53.レナード
午前の間に手紙を出して午後。本来であれば鍛錬場へ行く日なのだが大事を取って明日までは謹慎という名目の休みになっている。フレデリックは切り傷と擦り傷、打ち身だけなのだが、念のためにと言われているのだ。
あまりふらふらとするわけにもいかず自室で暇を持て余していたところ謁見の申請があったと知らされた。名目とはいえ謹慎中のフレデリックが人と会って良いのかと思ったが、申請者の名を聞いて即座にグレアムに応接室の準備を頼んだ。
「レナード!!!」
中央棟の応接室に駆けこめば、そこには二日ぶりに会うレナードがいた。頬や額、手の甲にも小さなガーゼが当てられている。

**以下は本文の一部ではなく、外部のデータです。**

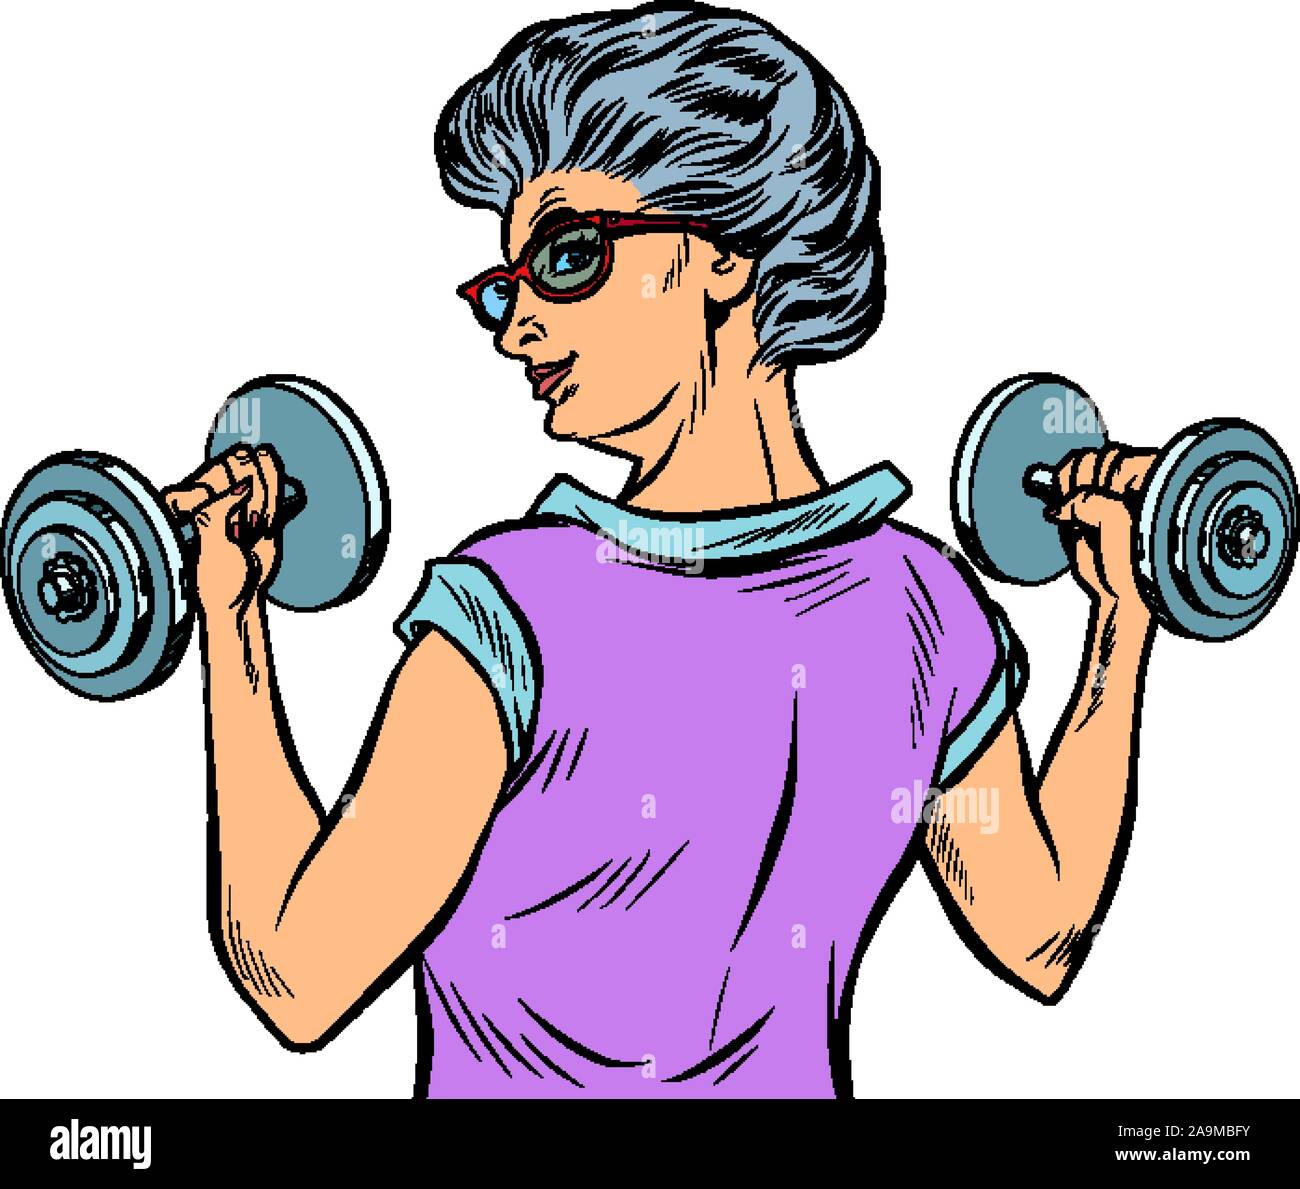 Mancuernas fitness actividad deportiva mujer abuela anciana pensionista Ilustración del Vector

「レナード!!どうした!?起きていて大丈夫なのか!?」
フレデリックが慌てて駆け寄り手を取れば、少し緊張した様子のレナードが「殿下」と小さく頭を下げた。
「この程度なら剣の稽古でも良くあることですから」
「どんな稽古をしてるんだお前は…」
レナードをすぐにソファに座らせると、フレデリックも正面に座った。何となく上から下まで何度も何度も確認してしまう。
「背中や内臓はどうだ?何だってもう動いてるんだ……」
リンドグレン侯爵家からは短くとも三日、長くて十日は様子を見ると連絡を受けている。明日にはレナードの容態を聞いて程よい頃にフレデリックがリンドグレン侯爵家を訪うつもりでいたのだが。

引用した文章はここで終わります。